Time After Time (2016-17): Using Artists' Books/Scrolls as Methods to Document and Disseminate Social and Political Narratives View Digital Media

Poster Session
Rachael Brown  

Time after Time is a series of three hand-crafted artist’s books/scrolls, each measuring 42cm x 182cm; they set out to investigate ways in which visual autoethnography and social justice approaches to art can capture social narratives, and engage and activate audiences. The books/scrolls illustrate selected elements of the extraordinary social, political and environmental global events that occurred between 2016 and 2021, events that are bookended by the presidential elections in the United States of America. The books also include more personal narratives and corresponding macro, micro, and nano discoveries that situate our human concerns with a broader context of existence and offer a sense of scale, perspective and connection. As visual autoethnography, the artworks present subjective perspectives whilst simultaneously inviting audiences to reflect on collective experiences and add their own memories to the narratives; as social justice, the artworks encourage reflection and offer a space to think about the past, present and future in a manner that offers hope and encourages action. The artworks follow in the tradition of documentary scrolls and offer an alternative method of collecting and disseminating social and political stories. The first of the three books, 2016-17, is complete, with two more – 2018-19 and 2020-21 - underway. The books will be displayed in concertina format but will also be reproduced as scrolls (larger and smaller than the original), to allow the audience to interact in more or less intimate manner.
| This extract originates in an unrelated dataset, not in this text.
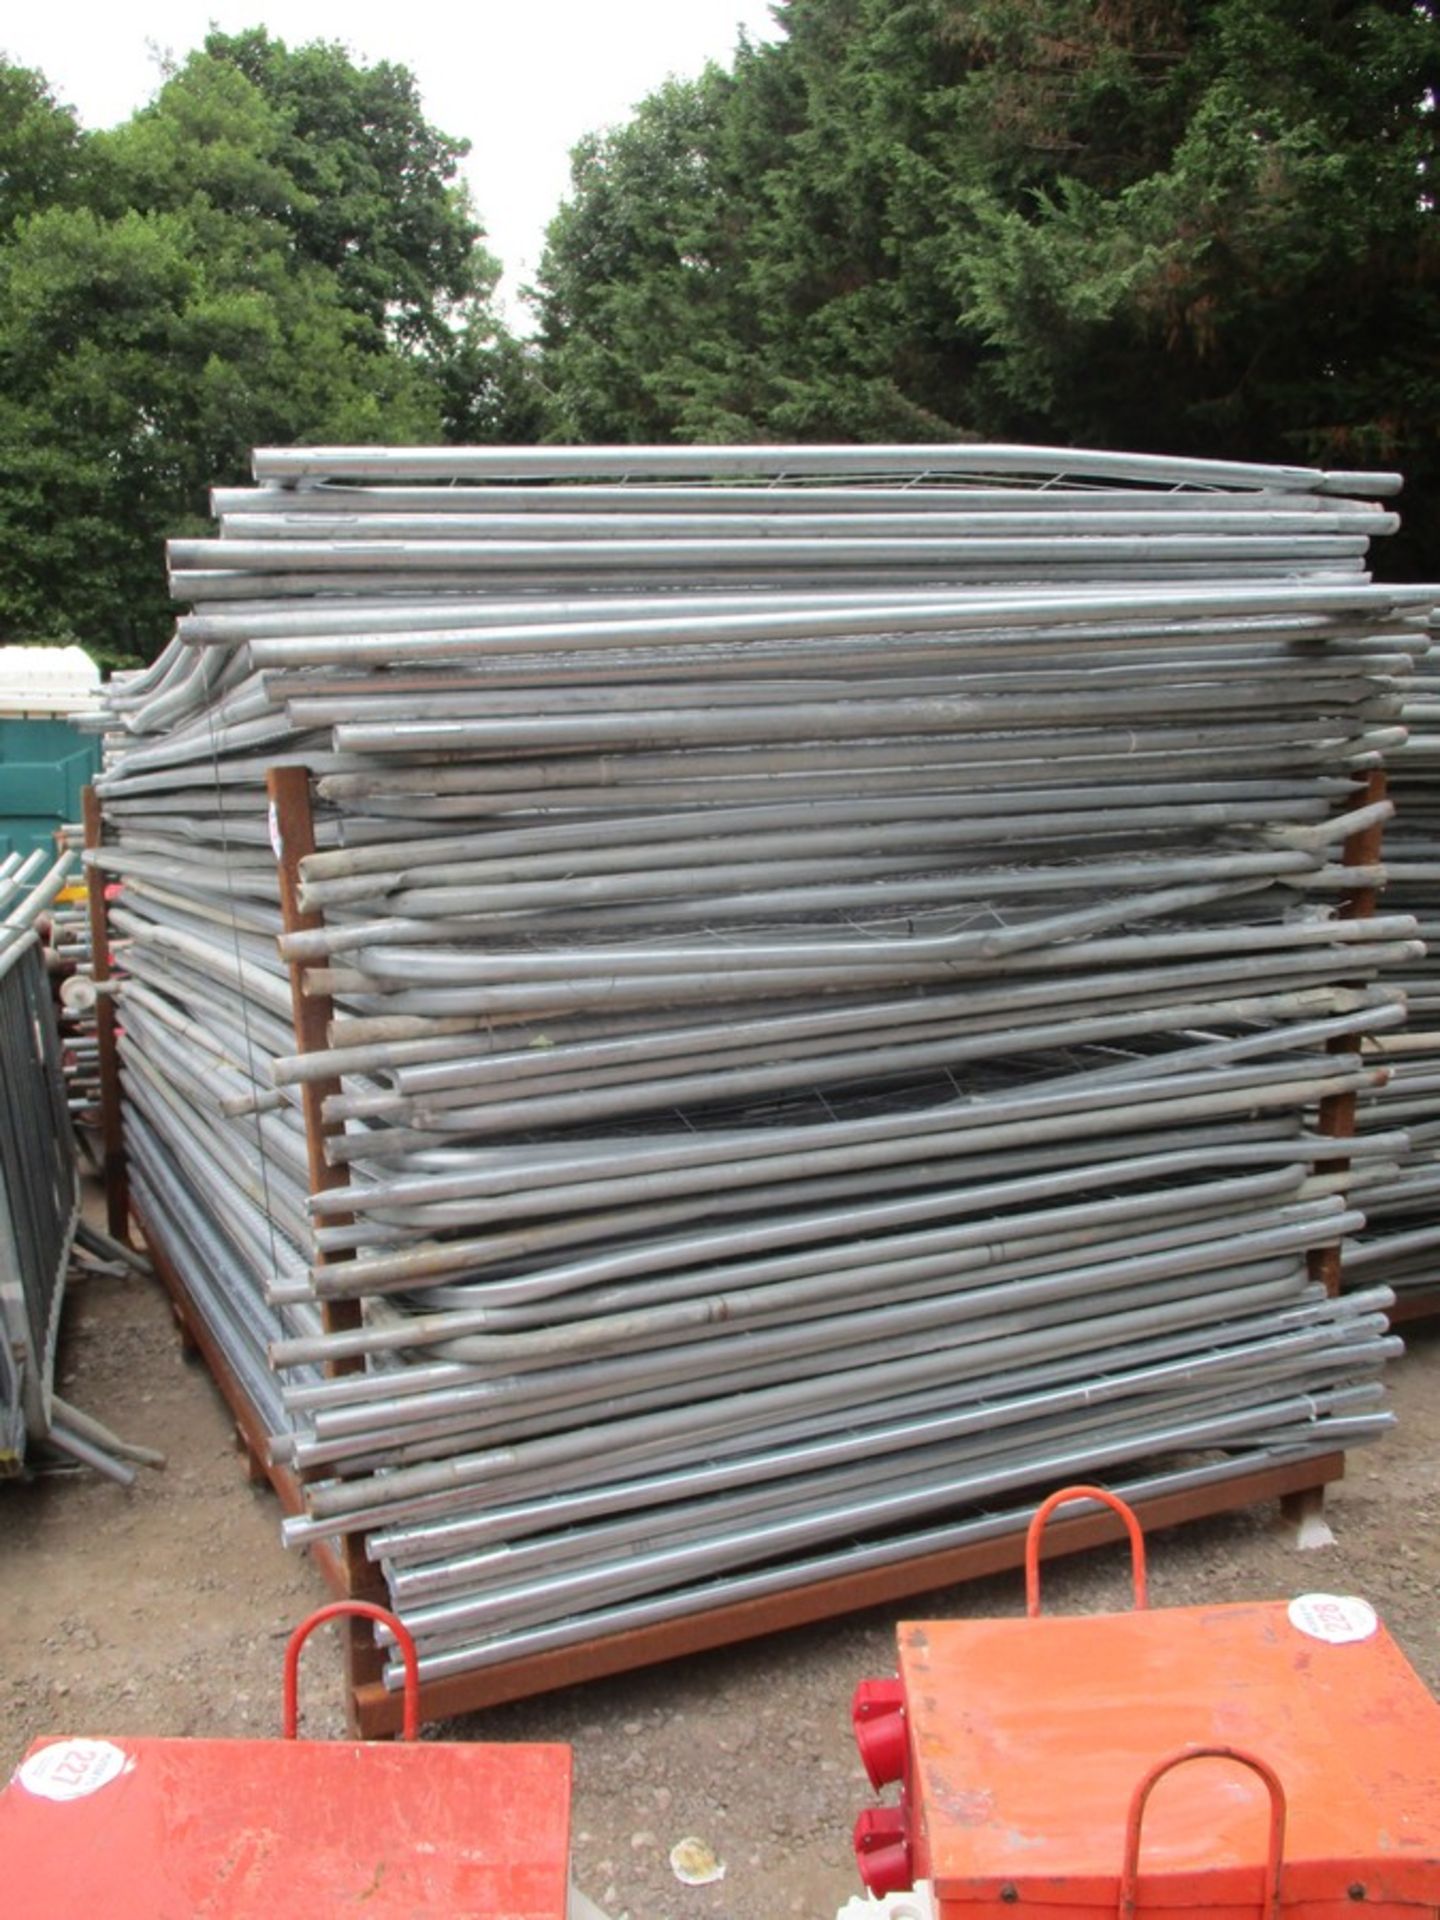 APPROX 52 HERRAS FENCE PANELS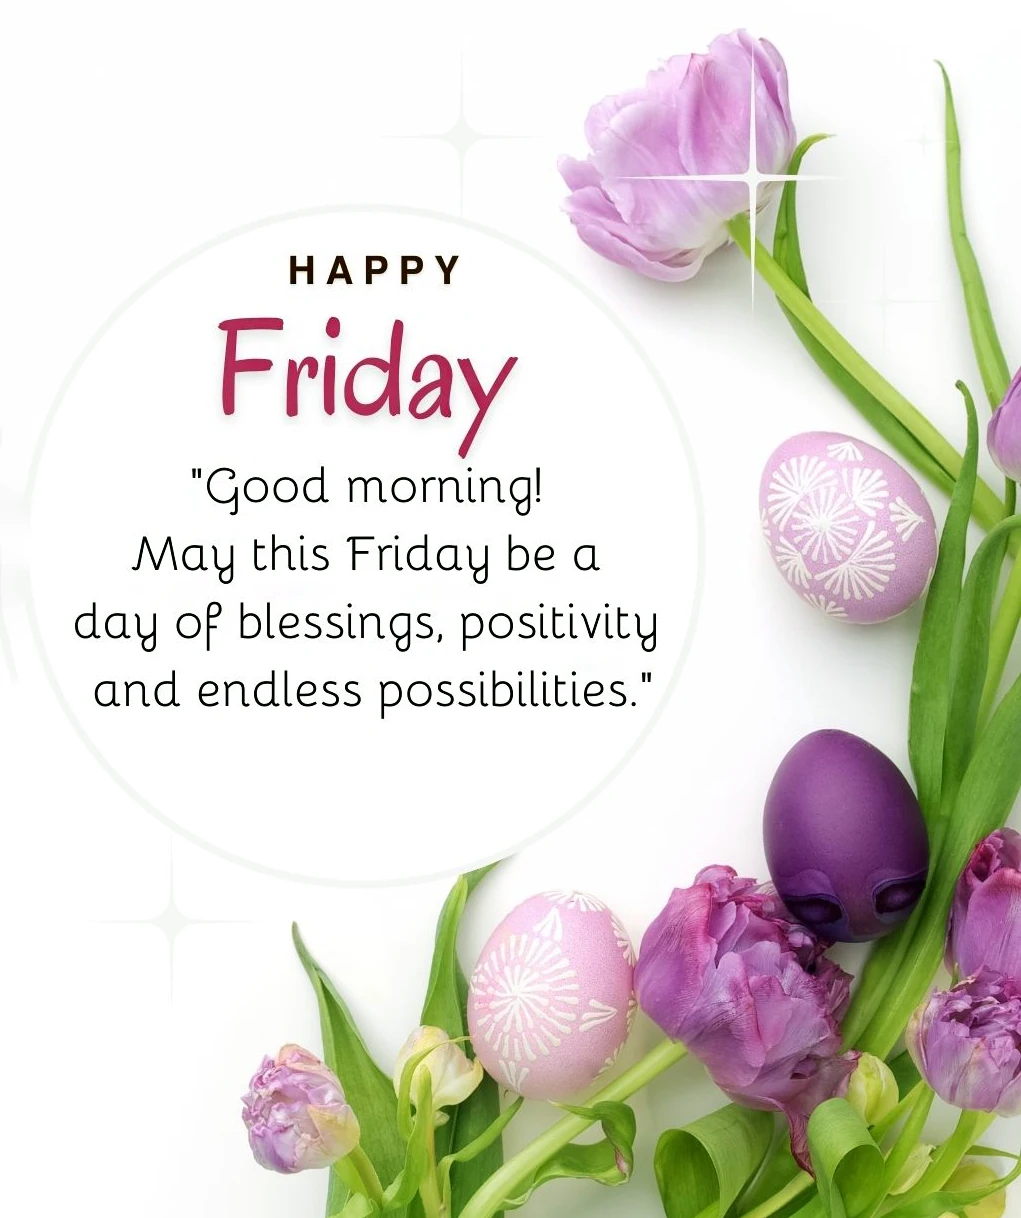 Happy Friday Good mornig may this friday be a day of blessings positivity and endless possibiliteis

Contemporary Artists’ Books: A Cultural Strategy for Art’s Re-Materialisation and Value Translation View Digital Media

Poster Session
Hyunjoo Cho  

A dominant expectation that consumable artworks should be permanent objects and alienable from their artists puts dematerialised practices at a disadvantage in claiming their socio-economic values. Addressing this tension, my research analyses the role of contemporary artist publishing as an alternative cultural strategy for representing dematerialised art practices via circulatable and valorised forms of books. Through interviews with artists, publishers, retailers, and collectors around the globe who take part in the valuation ecology of artists’ books, this research charts today’s topography of the medium’s production, distribution, and consumption. In parallel to the qualitative analysis, a practice-based experiment of self-publishing verifies the findings from the interviews and solidifies the idea of artist publishing as a cultural strategy. The preliminary findings of this research are: 1) Artists’ books are a medium that could be chosen by any artist as a cultural strategy, transcending medium specificities; 2) Artists’ books, especially those that are self-published, allow self-representation and self-institutionalisation of artists by giving them aggressive credit in both stages of production and circulation; 3) Artists’ books question the traditional hierarchy of curatorial practices, which often considers publication as subsidiary to the primary mode of exhibition; 4) Artists’ books, as ‘artefacts’ of social and communal practices, propose a particular form of artistic output that evidences the immaterial process and production. These findings point to an impactful direction of shift in the paradigm of art consumption, which translates the values of art practices into constructed socio-economic agents–artist publications–to replace the traditional sense of commodifying art.